> Provided data:
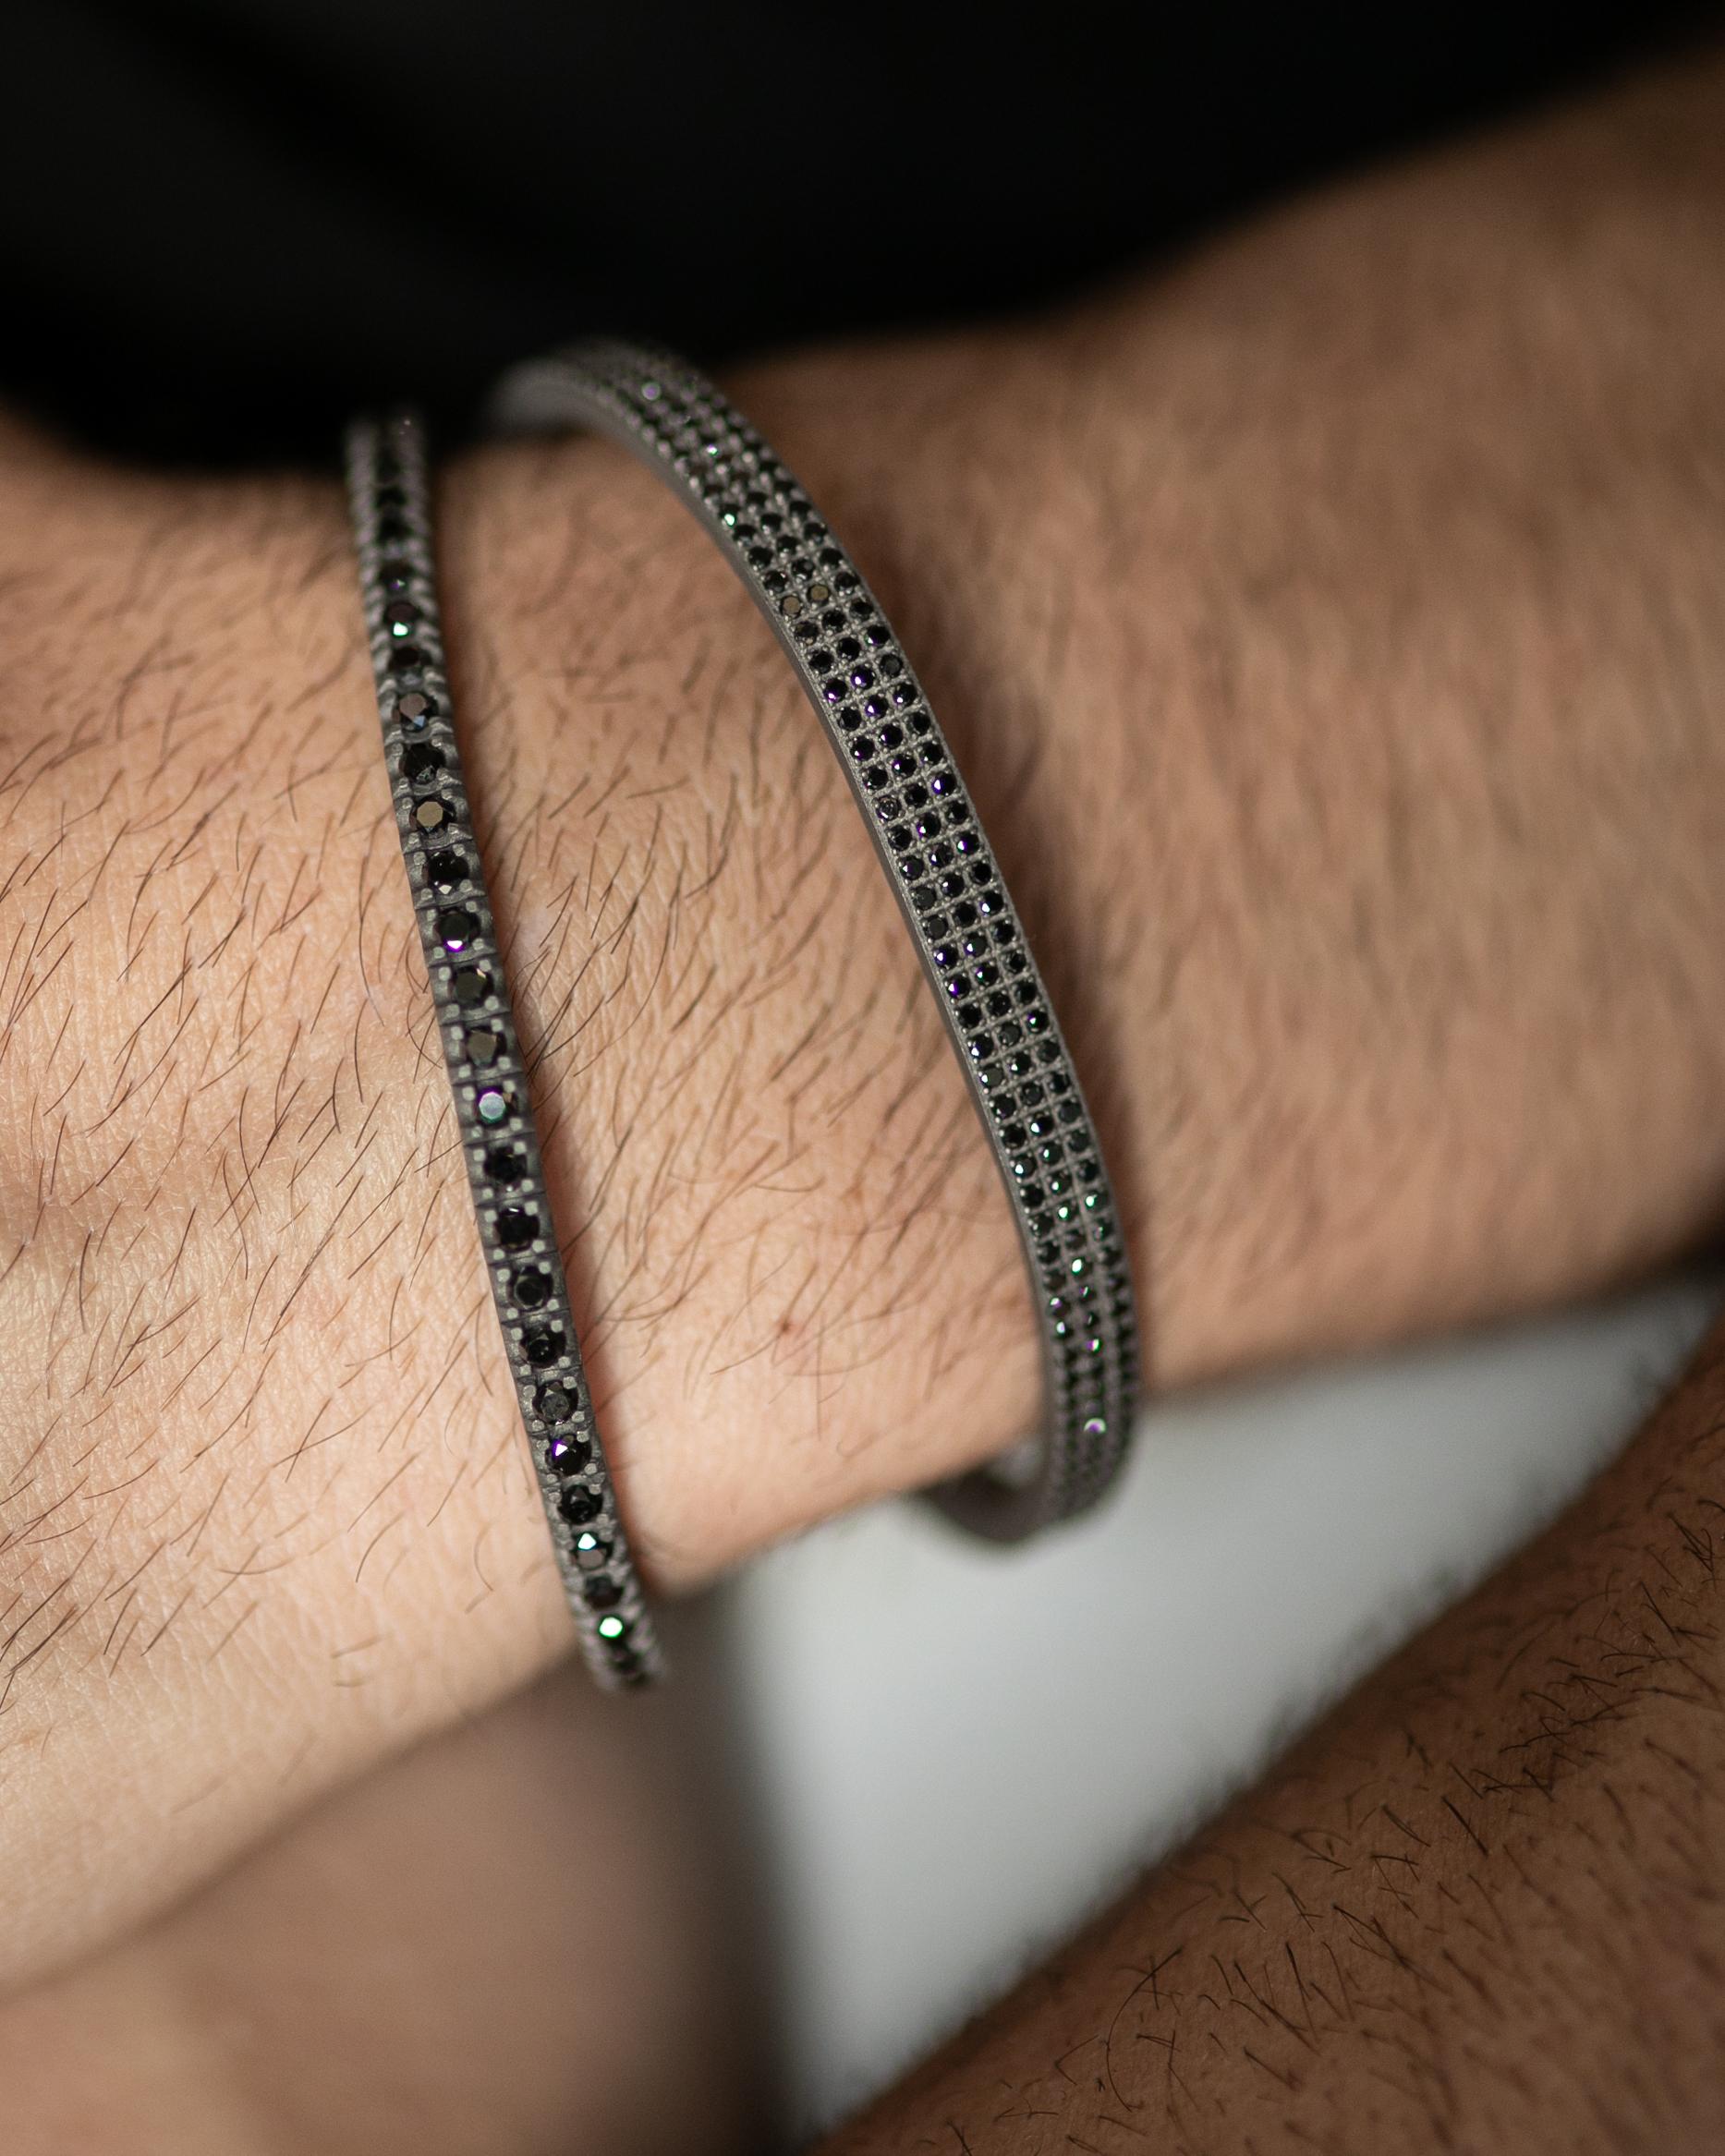 Le bracelet souple en titane est issu de notre collection Hommes. Le bracelet est orné de 58 magnifiques diamants noirs naturels d'un total de 3,36 carats et de détails en or rose 18 carats. Le diamètre du bracelet est de 6,5 cm. Parfait pour tous
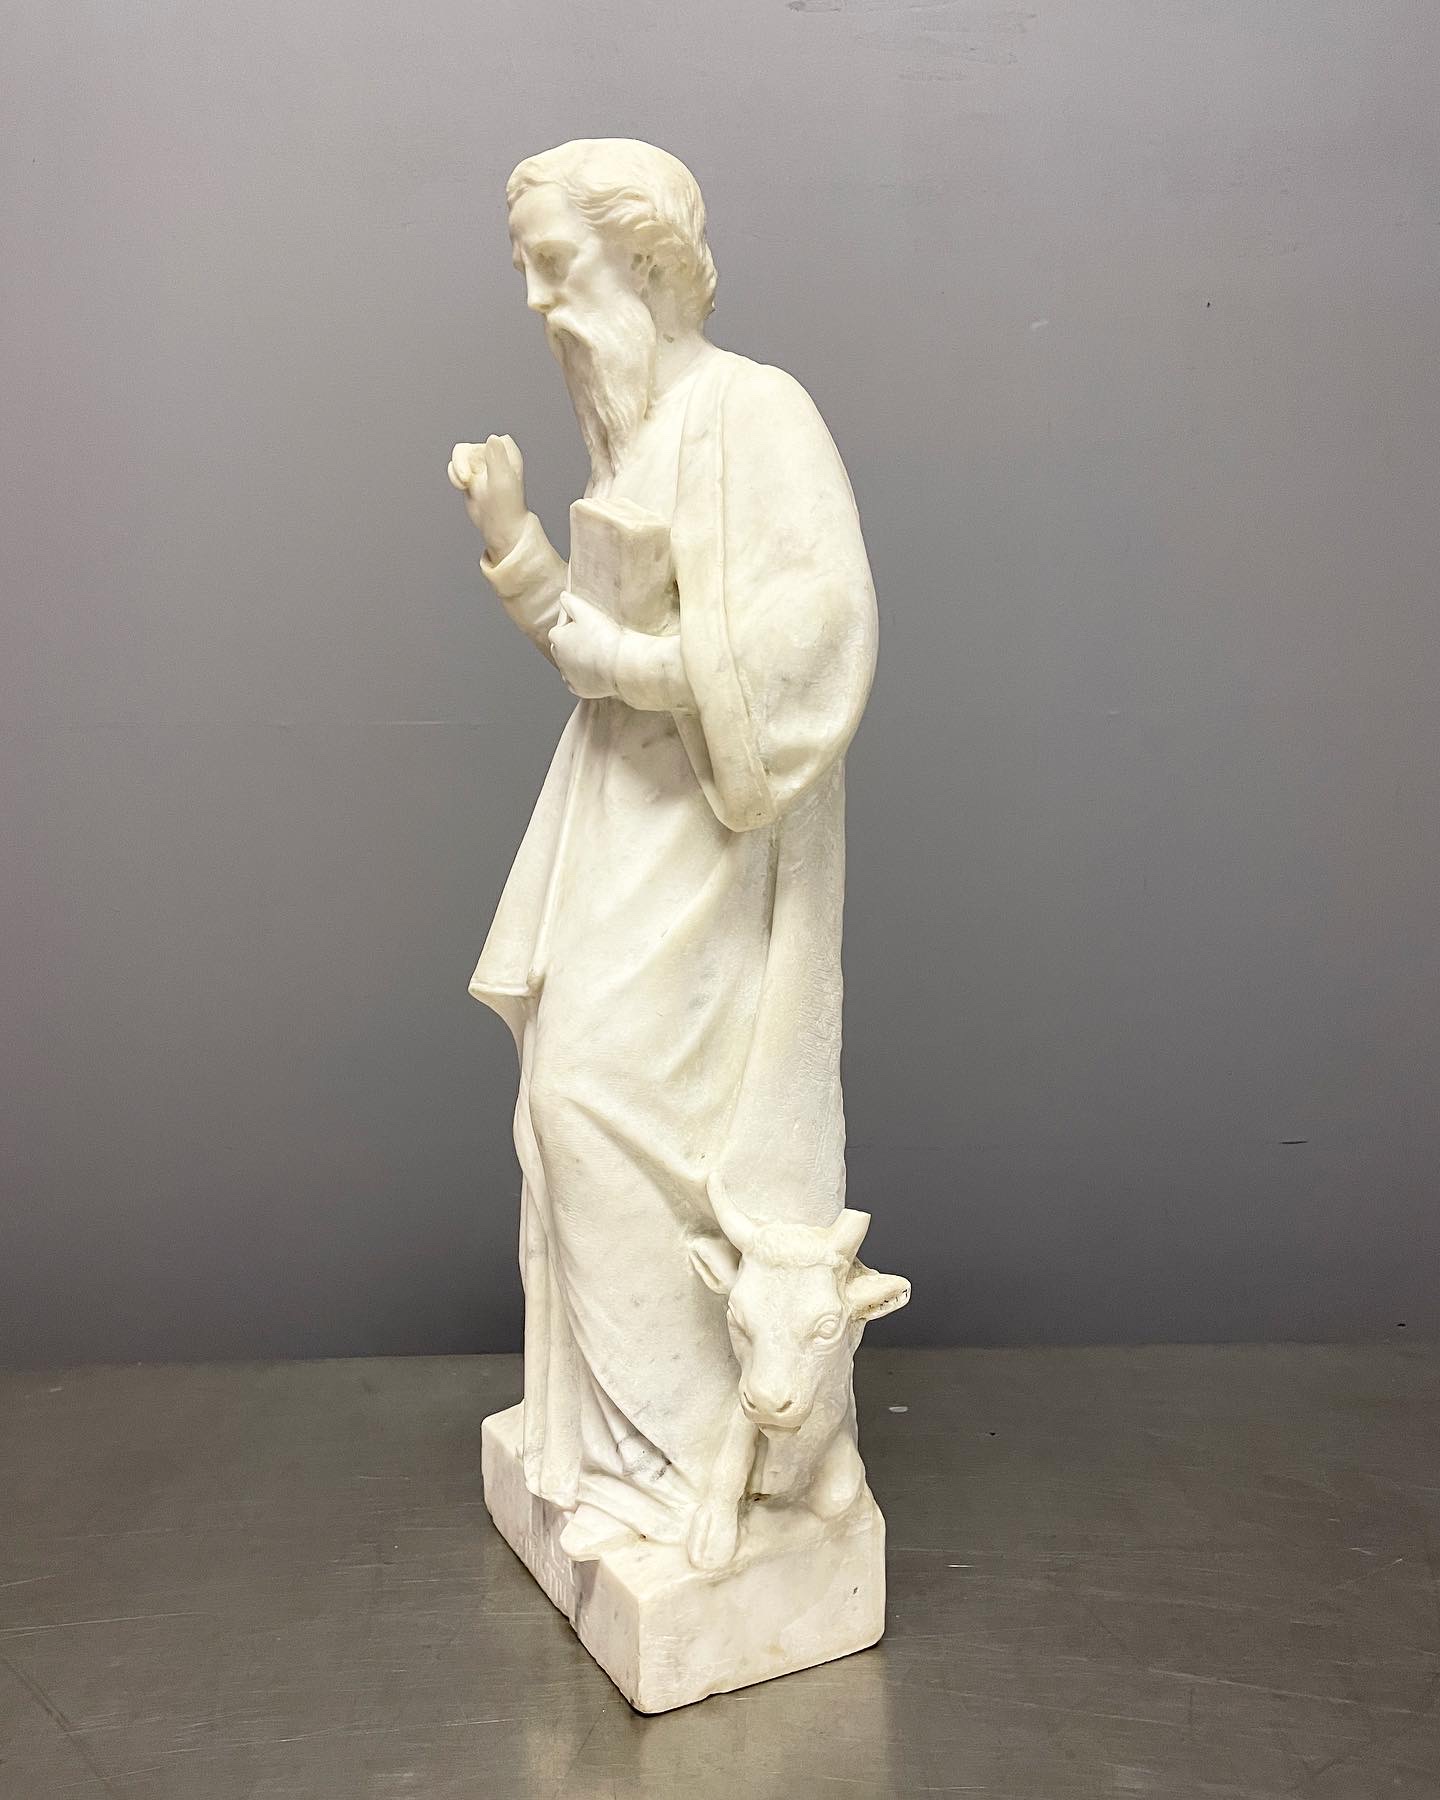 Sculpture-saint-luc-marbre-carrare-xixe-bas-relief-chapelle-privée-alcove-aurore-morisse-chestret5-liège-marchand-art-affaire-conclue-paris-liège4
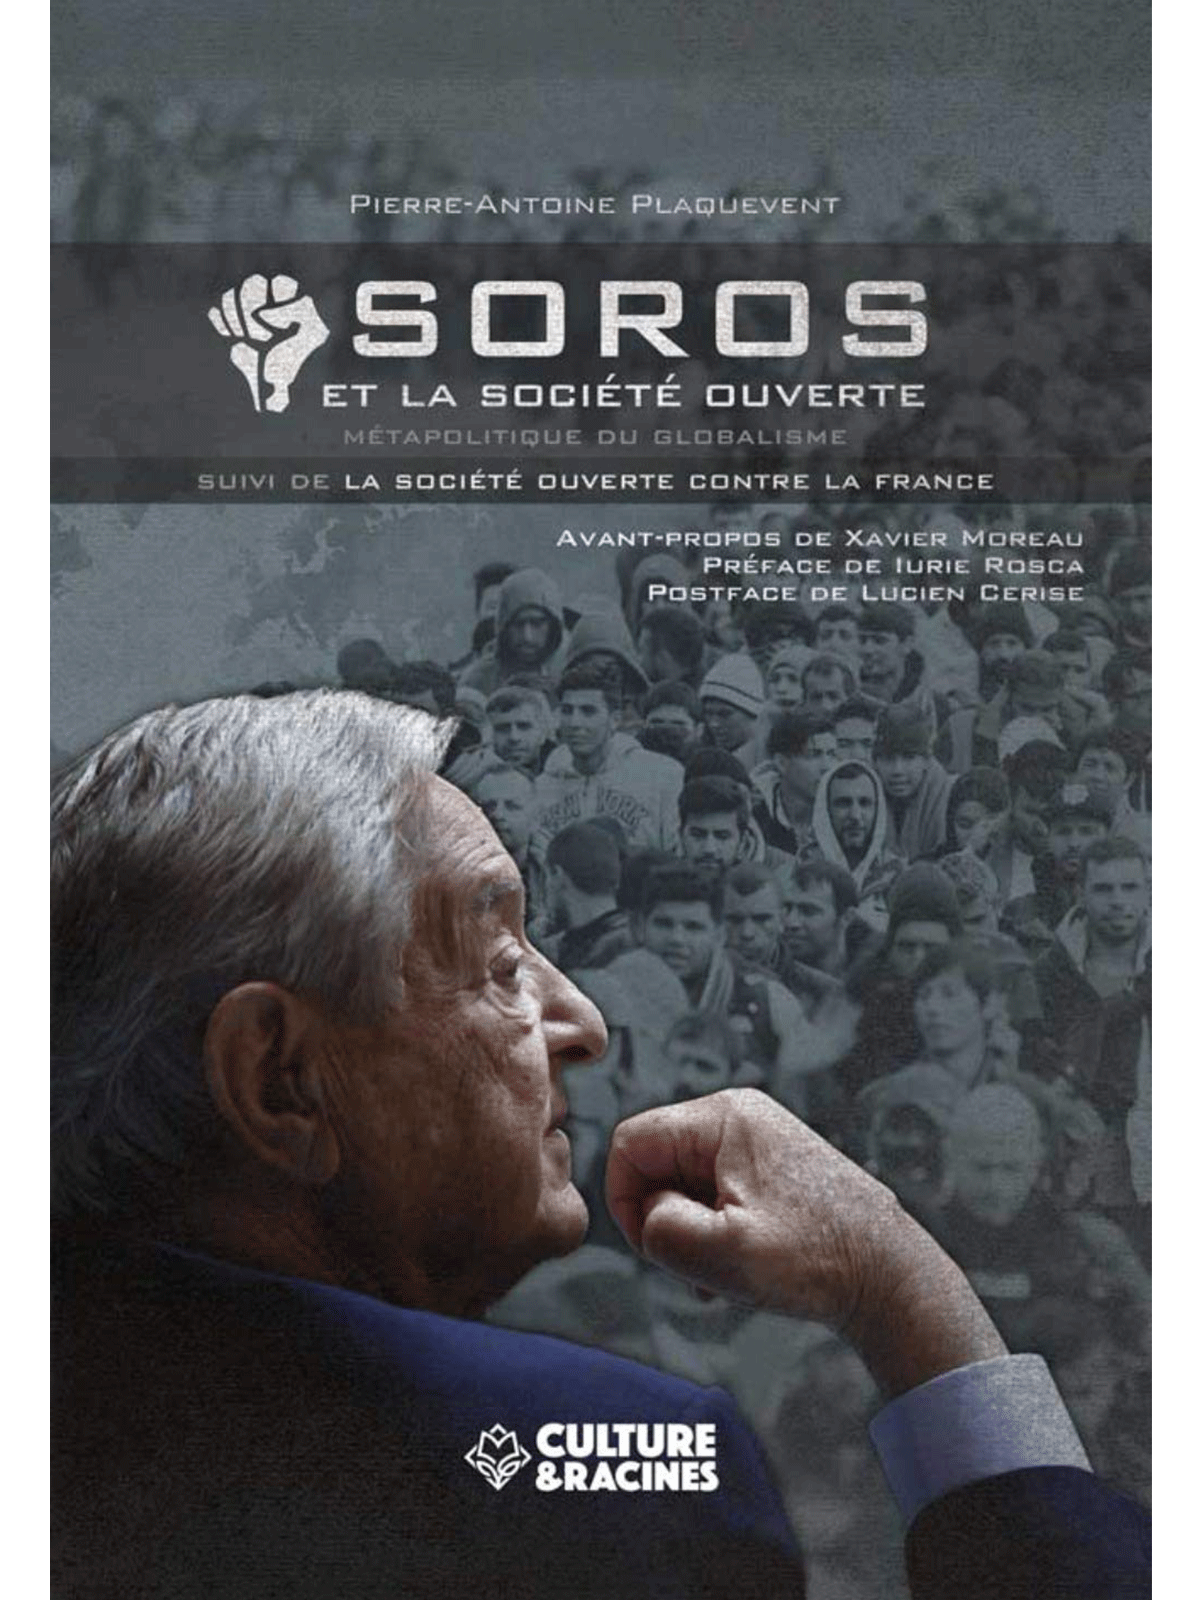 Pierre-Antoine Plaquevent : Soros et la société ouverte, Métapolitique du Globalisme

> Exercise requirements:
Quote the preceding listing precisely and completely, omitting its images.

> Your solution:
 Le bracelet souple en titane est issu de notre collection Hommes. Le bracelet est orné de 58 magnifiques diamants noirs naturels d'un total de 3,36 carats et de détails en or rose 18 carats. Le diamètre du bracelet est de 6,5 cm. Parfait pour tous
 Sculpture-saint-luc-marbre-carrare-xixe-bas-relief-chapelle-privée-alcove-aurore-morisse-chestret5-liège-marchand-art-affaire-conclue-paris-liège4
 Pierre-Antoine Plaquevent : Soros et la société ouverte, Métapolitique du Globalisme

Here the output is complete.